Protein-coding gene in humans

CUGBP Elav-like family member 1 is a protein which in humans is encoded by the CELF1 gene (previously CUGBP1).

==Function==

Members of the CELF/BRUNOL protein family contain two N-terminal RNA recognition motif (RRM) domains, one C-terminal RRM domain, and a divergent segment of 160-230 aa between the second and third RRM domains. Members of this protein family regulate pre-mRNA alternative splicing and may also be involved in mRNA editing, and translation. This gene may play a role in myotonic dystrophy type 1 (DM1) via interactions with the dystrophia myotonica-protein kinase (DMPK) gene. Alternative splicing results in multiple transcript variants encoding different isoforms.

==mRNA degradation factor==

It is estimated that 5 to 8% of human mRNAs are unstable because of mRNA instability elements in their 3' untranslated regions (3'UTR). A number of such elements have been called AU-rich elements (AREs). It is now known that AREs are binding sites for RNA-binding proteins that target mRNAs to rapid degradation. However, only few of the proteins reported to bind AREs were demonstrated to play a role in mRNA degradation. A shared feature of these proteins is to bind only to a subclass of the known AREs that contain the pentamer AUUUA. A convergent effort of several research teams now adds CUGBP1 (CUG binding protein 1) to the short list of ARE-Binding proteins that control mRNA stability, with the peculiarity that it binds to non-AUUUA AREs. CUGBP1 has been involved both as a key regulator of human myotonic dystrophy 1 (DM1) and more recently as a regulator of human papilloma virus mRNA expression.

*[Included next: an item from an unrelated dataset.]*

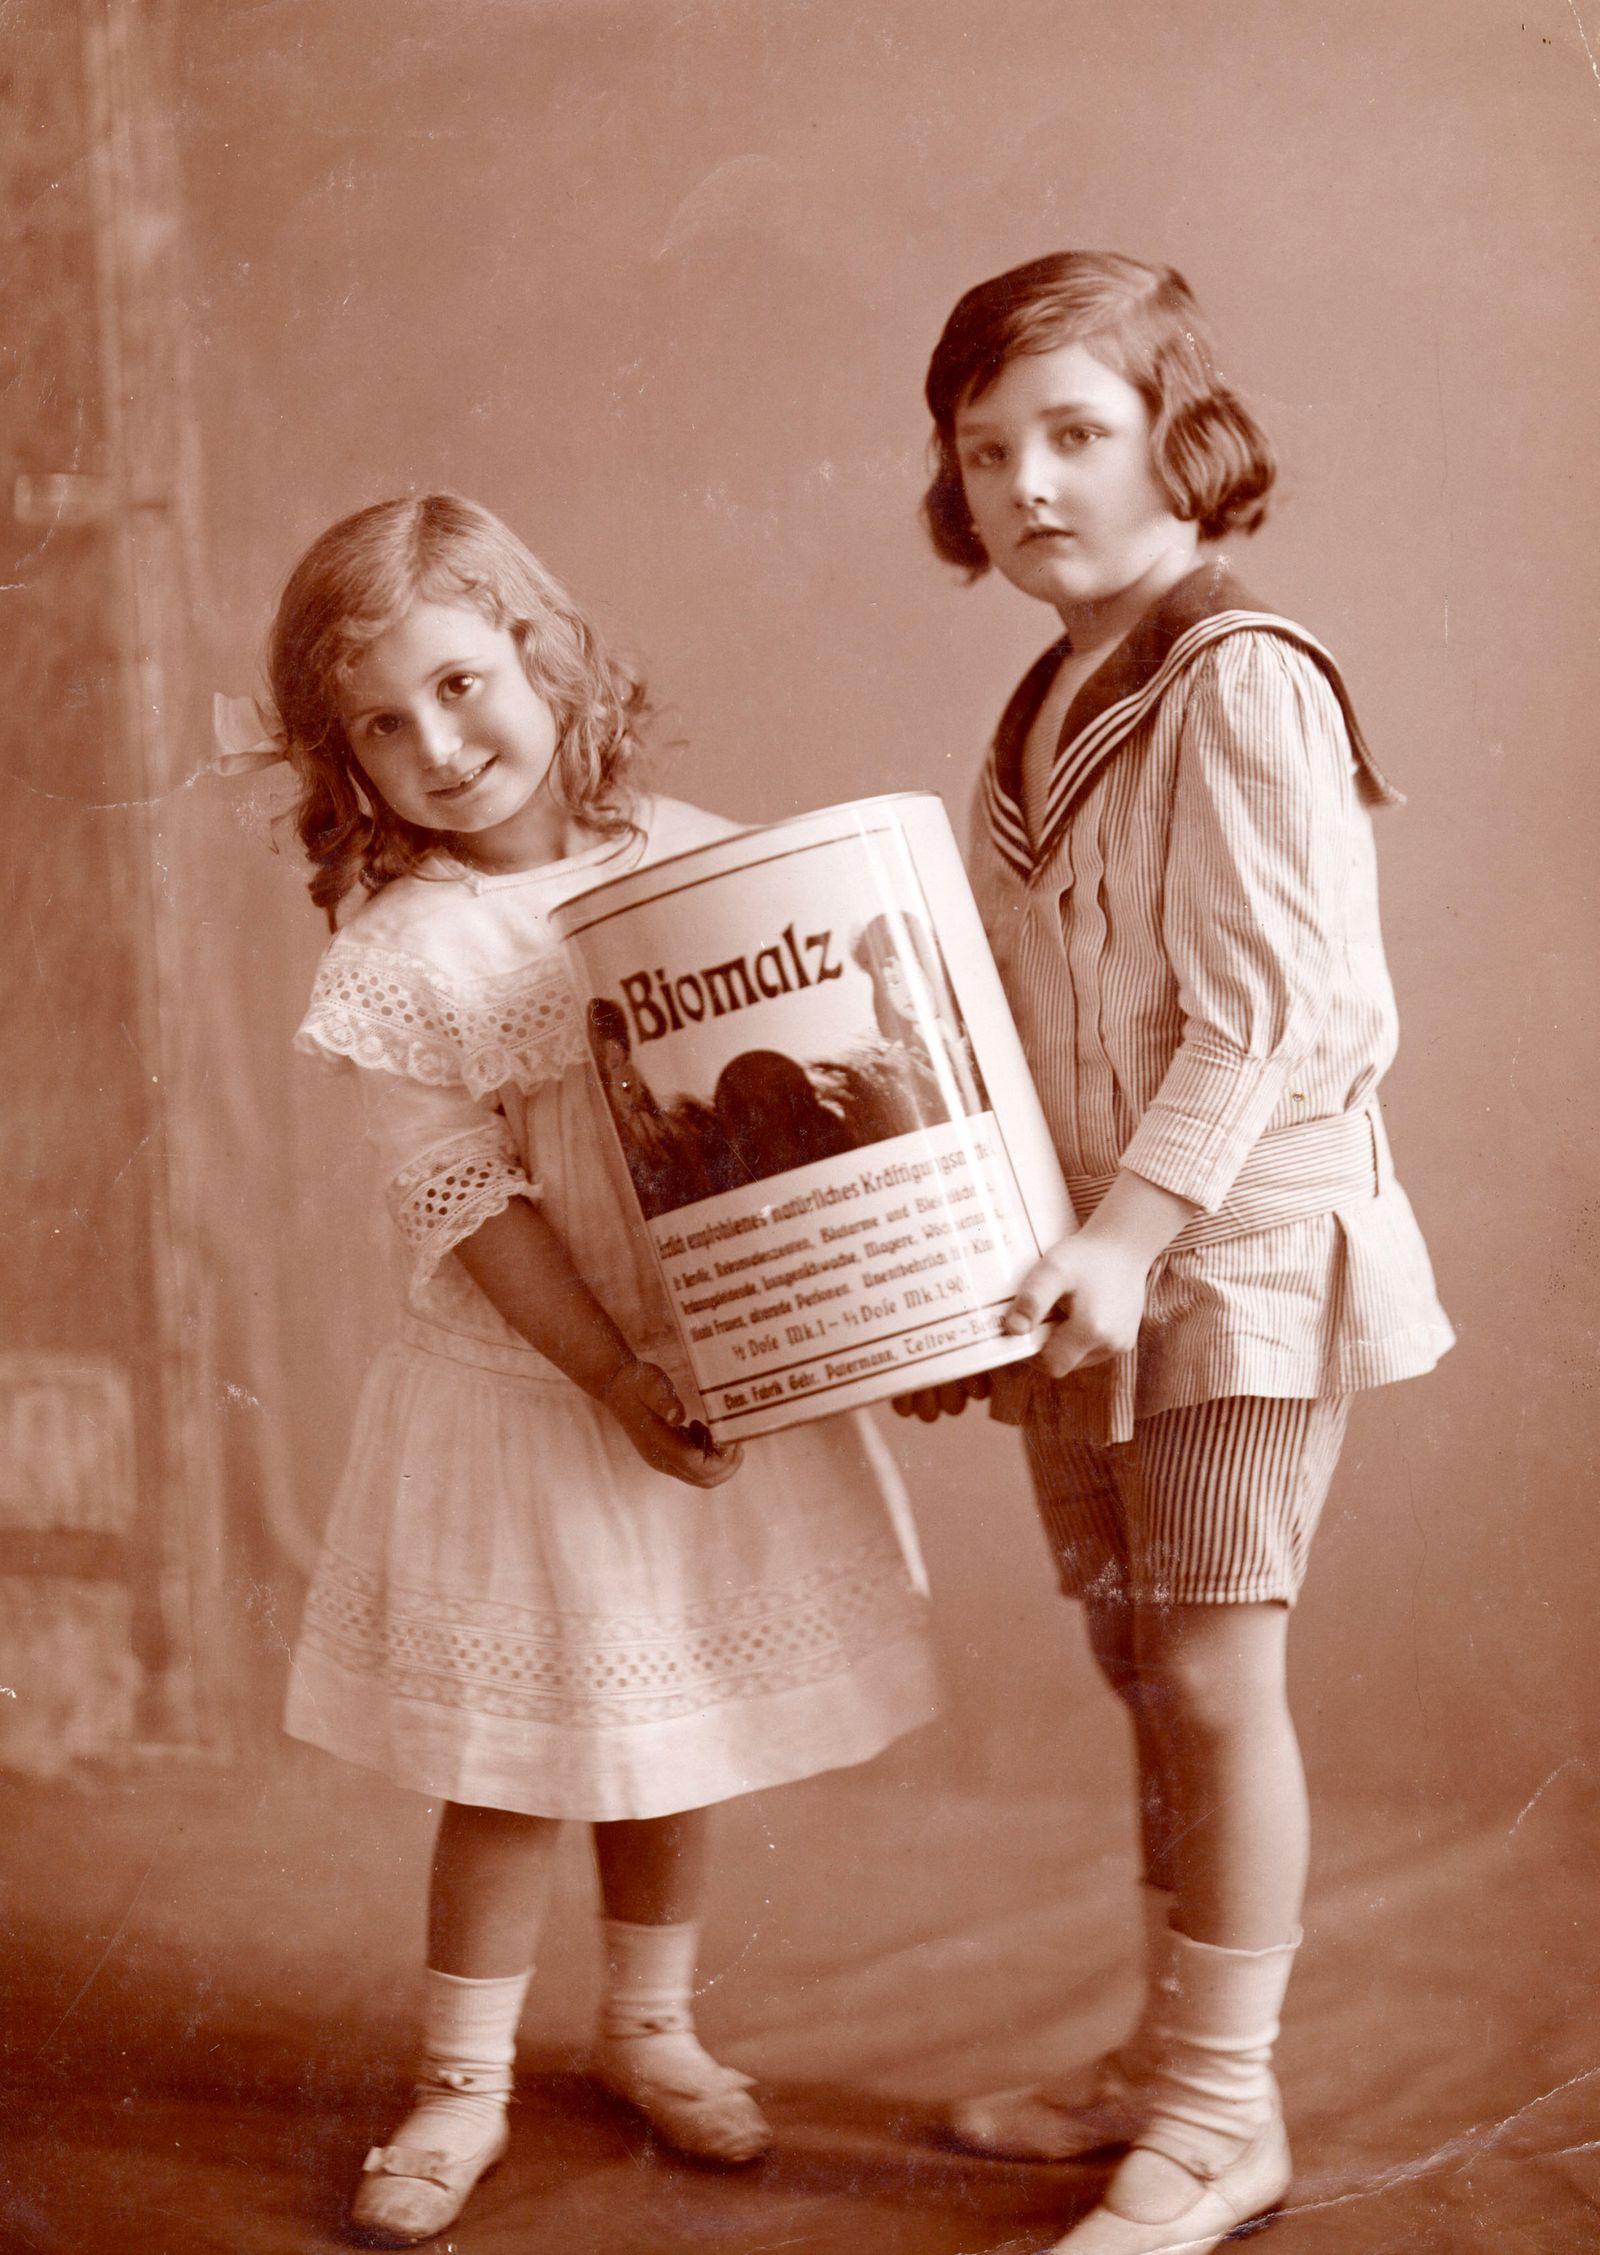 Wate On Werbung - Biomalz-Werbung / Foto um 1915

Evidence for CUGBP1 acting as a RNA degradation factor came first from the Xenopus model. Xenopus CUGBP1 (xCUGBP1, formerly known as EDEN-BP) was identified in 1998 for its ability to bind specifically to a GU-rich element (Embryonic deadenylation element EDEN) located in the 3'UTRs of some mRNAs that are rapidly deadenylated and translationally repressed after fertilization in early development. Because deadenylation is often the rate limiting step of mRNA degradation the enhancement of deadenylation increases mRNA turnover.

Human CUGBP1 (hCUGBP1) had been previously identified by Timchenko and colleagues for its ability to bind to CUG repeats located in the DMPK 3'UTR. A large amount of work has since described the role of hCUGBP1 on control of alternative splicing and will not be discussed here. The demonstration that hCUGBP1 is involved in the control of mRNA deadenylation and instability like xCUGBP1 came next. In mammalian cell extract as well as in xenopus egg extracts, depletion and rescue experiments showed that specific binding of CUGBP1 to the 3'UTR of mRNA is required for the targeted specific deadenylation to occur. In rescue experiments in xenopus egg extracts, the recombinant human protein can replace the xenopus one making them functional homolog. Furthermore, the Poly(A) ribonuclease PARN was shown to interact with CUGBP1. In human cells, tethering of hCUGBP1 to a mRNA decreases its steadystate suggesting the destabilization of the mRNA. The first human mRNA reported to be targeted to rapid deadenylation and degradation by CUGBP1 is the oncogene c-jun. Years ago, it was shown that the class III ARE (devoid of any AUUUA motif) of the human c-jun oncogene directed rapid deadenylation and degradation to a reporter mRNA. Both xCUGBP1 and hCUGBP1 were shown to specifically bind to c-jun ARE. The binding of CUGBP1 to the 3'UTR of mRNAs bearing GU-rich element would target these mRNAs for rapid deadenylation by PARN and subsequent degradation. This was recently demonstrated by siRNA-mediated knockdown of hCUGBP1 that led to stabilization of a reporter RNA bearing the c-jun UG -rich ARE.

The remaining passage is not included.